The possible graduation of the Cook Islands to developed status is a much more pressing issue than any possible bid for the country to join the United Nations, says New Zealand prime minister Jacinda Ardern.
In an exclusive interview with CINews at the Crown Beach resort yesterday, Ardern discussed with reporter Conor Leathley a variety of topics, from a prospective bid for the Cook Islands to join the United Nations, to increasing New Zealand’s contribution to the Pacific, and climate change in the region.
Ardern confirmed Cook Islands prime minister Henry Puna’s statement last year that the UN bid had not come up when the two met last December. She added the topic had also not been raised during her current visit, which ended yesterday.
However, she said the possible graduation of the Cook Islands to developed status was a much more pressing issue and she considered it unlikely the UN would consider a bid that retained the status quo regarding New Zealand citizenship.
“That really then becomes a matter for the Cook Islands in the way that they would want to pursue that. Certainly the sense that I get is that people really value that (New Zealand citizenship),” Ardern said.
“It’s not something that I get a sense that there’s a push for. What has been raised by people I’ve met, not always formally, is how much they value the nature and status of our relationship.

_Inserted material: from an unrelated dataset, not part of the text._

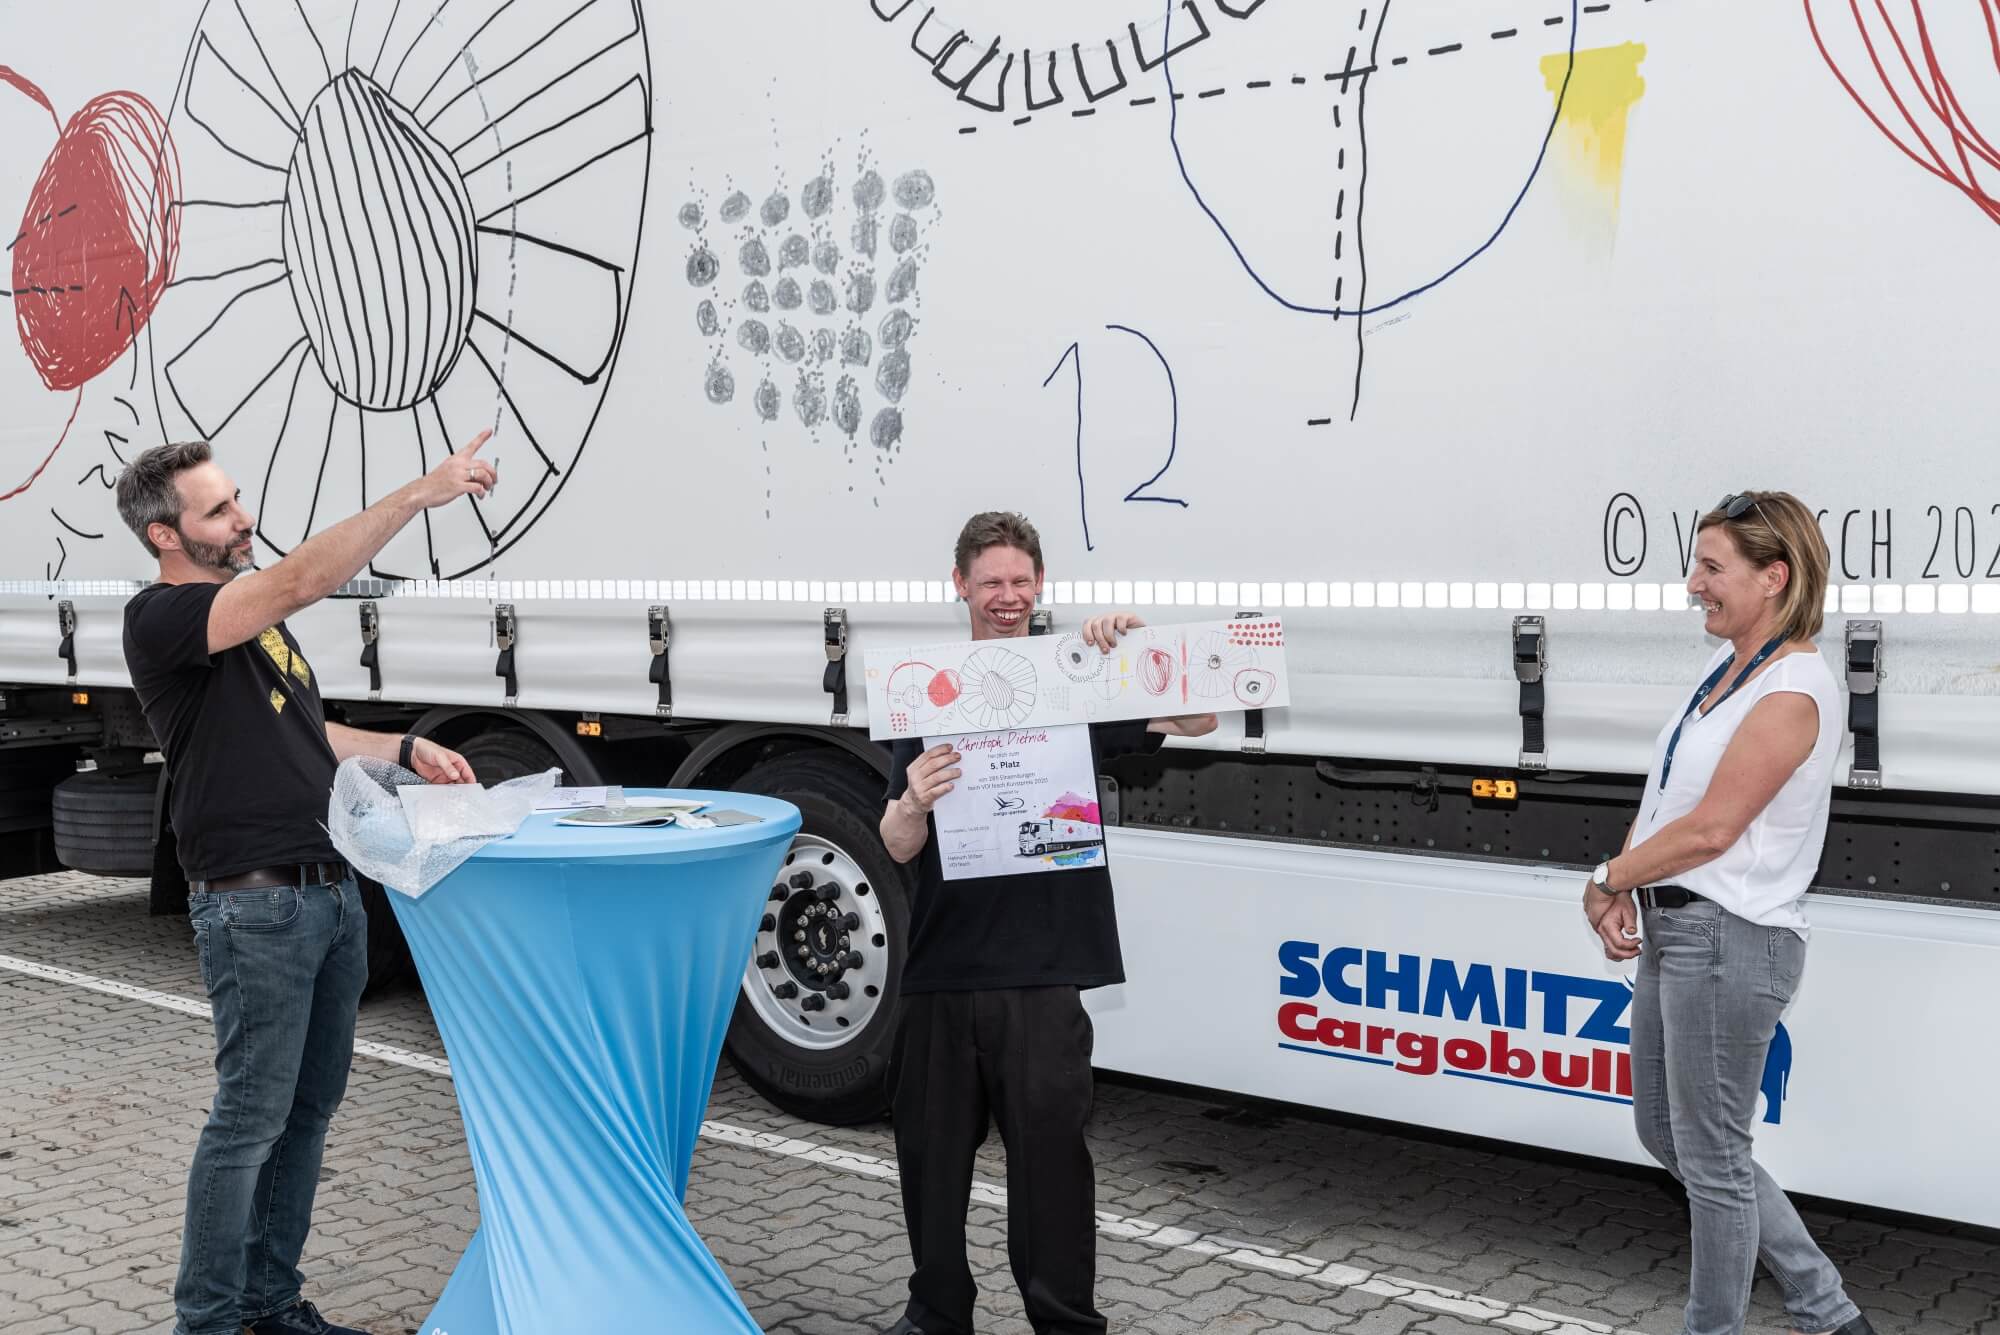 VOI fesch Initiator Helmuth Stöber zeigt auf den LKW mit dem Motiv "Verbindungen". Neben ihm steht der Künstler Christoph Dietrich, welcher das Motiv gemalt hat. Es zeigt kreise und verschiedene geometrische Formen.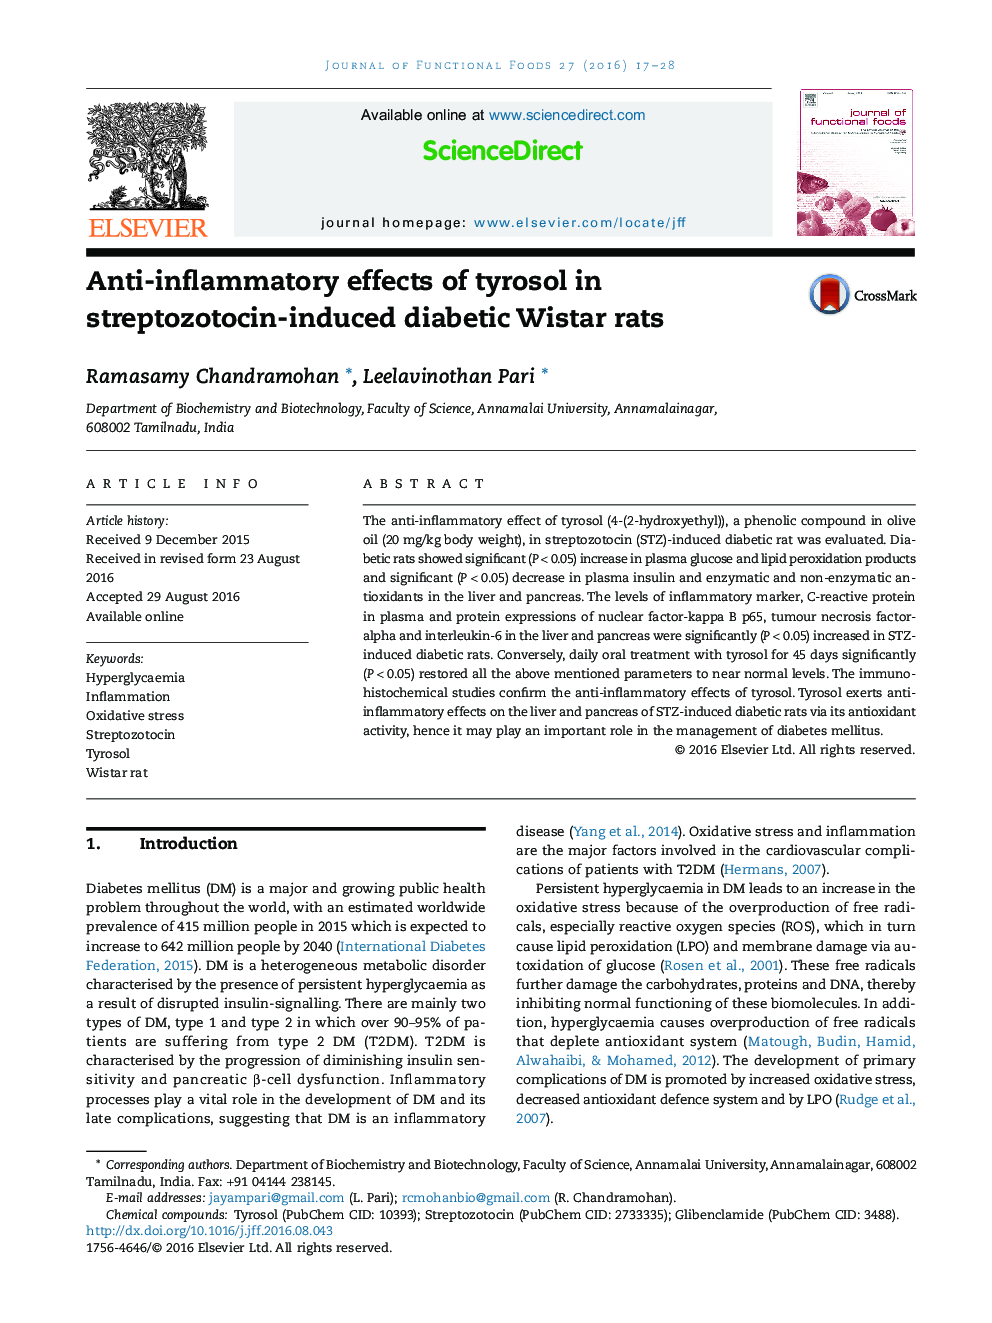 اثرات ضد التهابی تیروسول در موش های صحرایی دیابتی ناشی از استرپتوزوتوسین

“And it would be sad, I think, to change the nature of the relationship.”
She also spoke strongly about the need to shift current thinking on the relationship between the two countries.
At meetings attended by Puna and finance minister Mark Brown in Wellington in December, Ardern said it had been clear that the Cook Islands prime minister and New Zealand deputy prime minister Winston Peters had a personal history, and that she hoped to foster a similar relationship.
She added that one of the aims of the “Pacific Reset” mission was to knock down the perception that New Zealand had the higher status in its relationships with Pacific countries.
“Yes, our economy is at a different stage to a lot of others, and yes we are in the fortunate position to be able to support our Pacific neighbours with specific needs and projects.
“But that doesn’t mean that we’re there as a replacement voice, although it does mean we have a duty of care to amplify those voices.”
She said the goal of the New Zealand government was not to do anything on behalf of Pacific nations, but rather to walk alongside Pacific them.
Although New Zealand ranked second in the region in terms of donor money, she wondered if the level of international interest in the Pacific meant New Zealand was doing enough.
“Because our values are so similar it makes sense for us to be here and working together, and that’s one of the reasons we want to step up our role.”
New Zealand’s contribution equates to one-tenth of the total contributed by countries including Australia, the United States, China and Japan.
Ardern said there was not a specific concern about the Chinese presence, as it was up to each Pacific country who they had dealings with.
However, one major concern that she consistently champions is climate change.
Although the Pacific has an overall small impact on global emissions, the region is one of the hardest-hit by their effects.
Ardern said one thing that had struck her about her current trip, which has seen her travel to Cyclone Gita-affected countries Tonga and Samoa, as well as realm country Niue, is that none of their leaders had talked about whether climate change was real.
“It’s such a given because they are already relocating villages, or sandbagging, or committing to a goal around renewable energy, because they see the reality.
“And given we have platforms that not everyone else does, I do feel that responsibility every time I speak (about climate change), to think about the Cook Islands, Kiribati, Tonga…everyone that is affected.”